Configuring high-availability components
Active/passive high availability (HA) is a standard feature of Kubernetes APIs that helps to ensure that APIs stay operational if a disruption occurs. In an HA deployment, if an active controller crashes or is deleted, another controller is available to take over processing of the APIs that were being serviced by the controller that is now unavailable.
When using a leader election HA pattern, instances of controllers are already scheduled and running inside the cluster before they are required. These controller instances compete to use a shared resource, known as the leader election lock. The instance of the controller that has access to the leader election lock resource at any given time is referred to as the leader.

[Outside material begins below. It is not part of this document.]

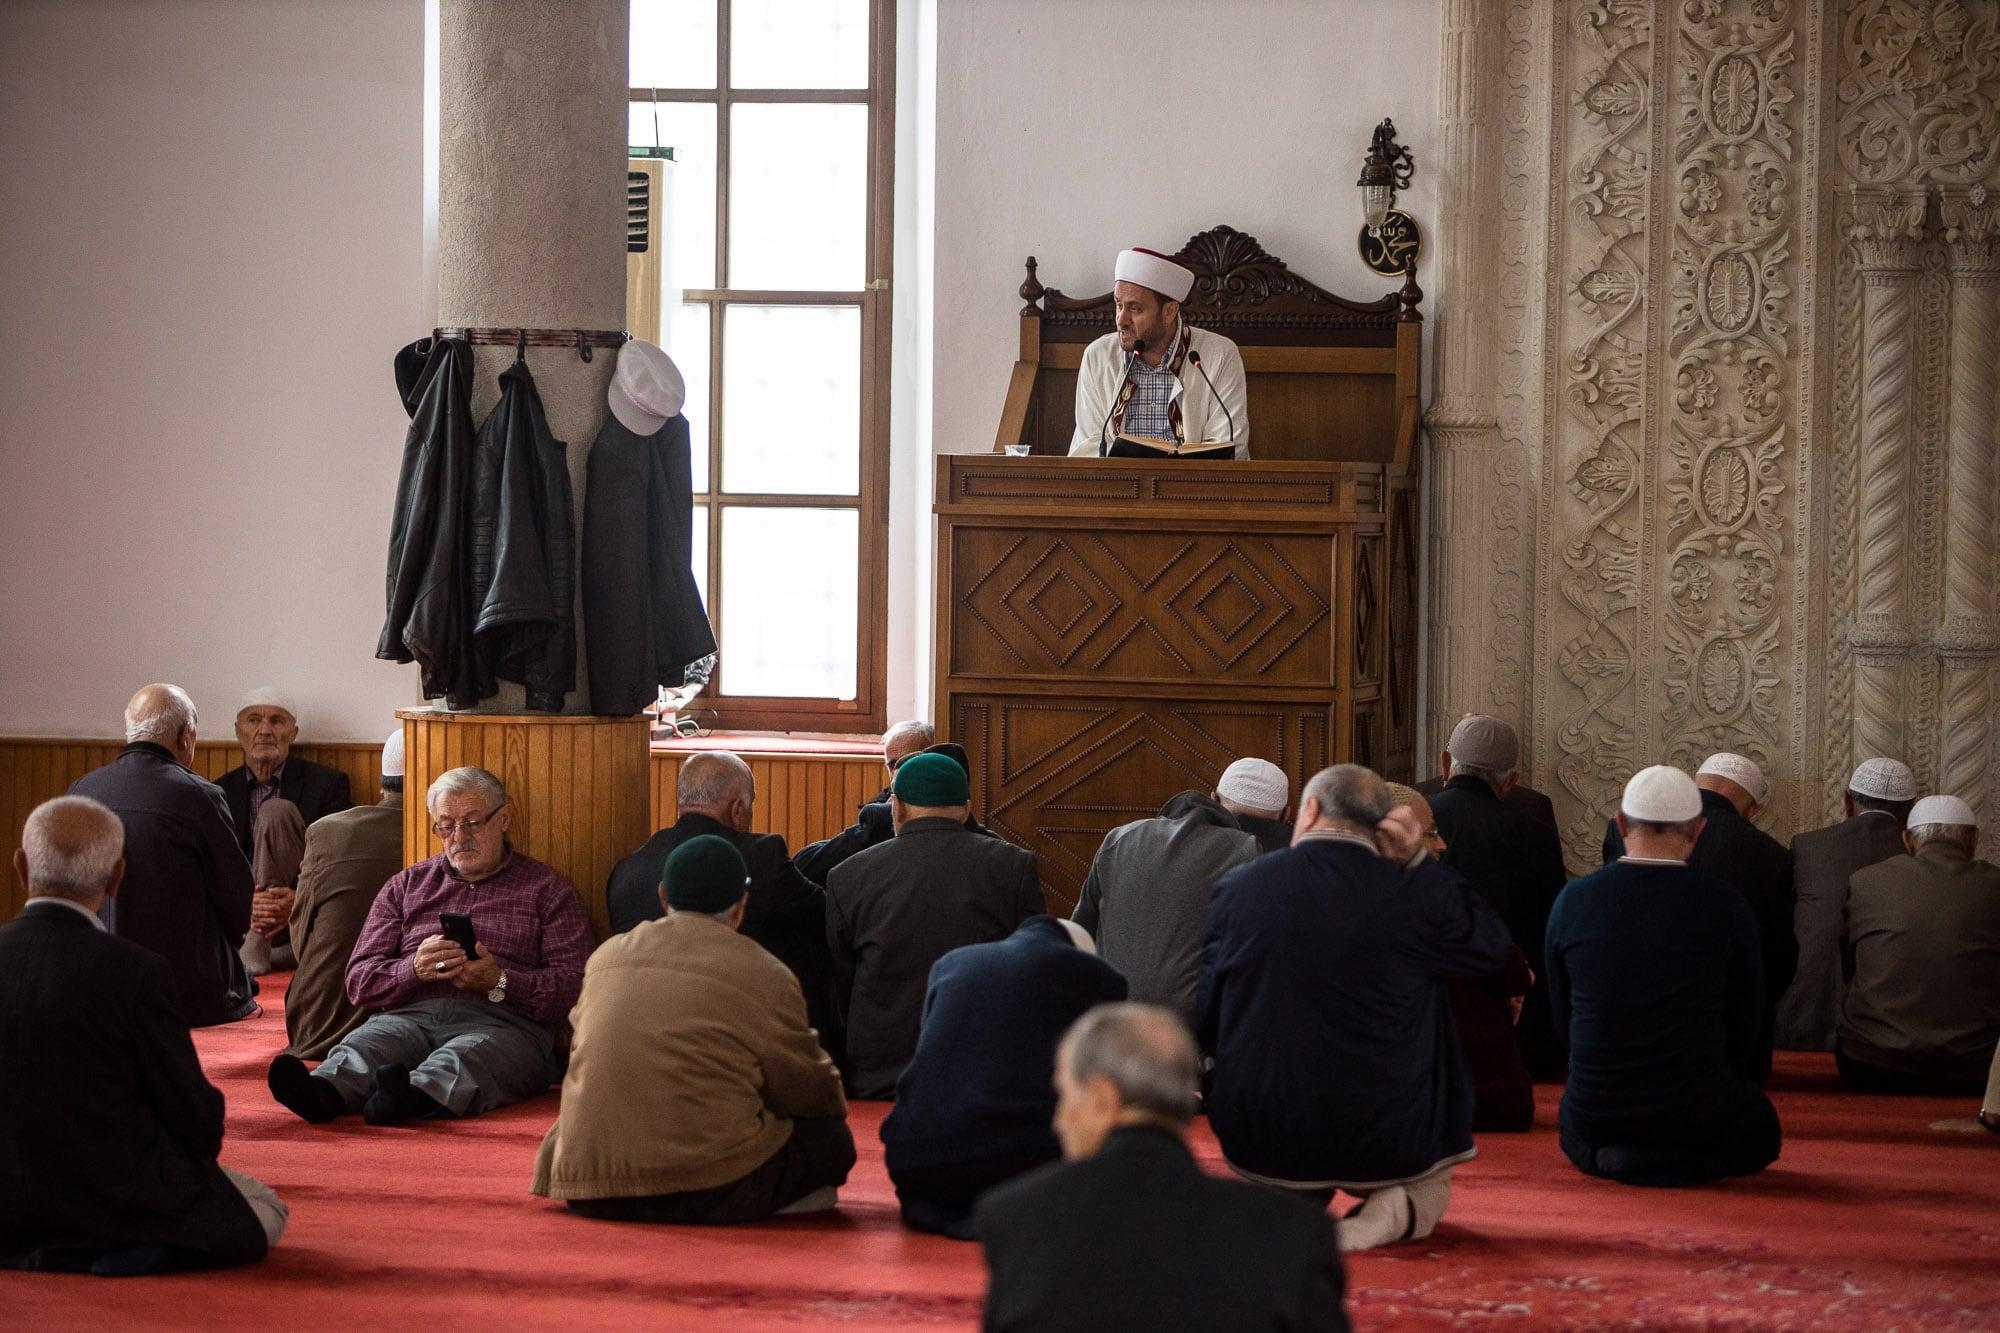 imam in Atik Ibrahim Pasa mosque

Leader election is enabled by default for all Knative Serving components. HA functionality is disabled by default for all Knative Serving components, which are configured with only one replica.
Disabling leader election
For components leveraging leader election to achieve HA, this capability can be disabled by passing the flag: --disable-ha
. This option will go away when HA graduates to “stable”.
Scaling the control plane
With the exception of the activator
component you can scale up any deployment running in knative-serving
(or kourier-system
) with a command like:
$ kubectl -n knative-serving scale deployment <deployment-name> --replicas=2
- Setting
--replicas
to a value of2
enables HA. - You can use a higher value if you have a use case that requires more replicas of a deployment. For example, if you require a minimum of 3
controller
deployments, set--replicas=3
. - Setting
--replicas=1
disables HA.
NOTE: If you scale down the autoscaler
component, you may observe inaccurate autoscaling results for some revisions for a period of time up to the stable-window
value. This is because when an autoscaler
pod is terminating, ownership of the revisions belonging to that pod is passed to other autoscaler
pods that are on stand by. The autoscaler
pods that take over ownership of those revisions use the stable-window
time to build the scaling metrics state for those revisions.
Scaling the data plane
The scale of the activator
component is governed by the Kubernetes HPA component. You can see the current HPA scale limits and the current scale by running:
$ kubectl get hpa activator -n knative-serving
The possible output will be something like:
NAME REFERENCE TARGETS MINPODS MAXPODS REPLICAS AGE
activator Deployment/activator 2%/100% 5 15 11 346d
By default minReplicas
and maxReplicas
are set to 1
and 20
, correspondingly. If those values are not desirable for some reason, then, for example, you can change those values to minScale=9
and maxScale=19
using the following command:
$ kubectl patch hpa activator -n knative-serving -p '{"spec":{"minReplicas":9,"maxReplicas":19}}'
To set the activator scale to a particular value, just set minScale
and maxScale
to the same desired value.
It is recommended for production deployments to run at least 3 activator
instances for redundancy and avoiding single point of failure if a Knative service needs to be scaled from 0.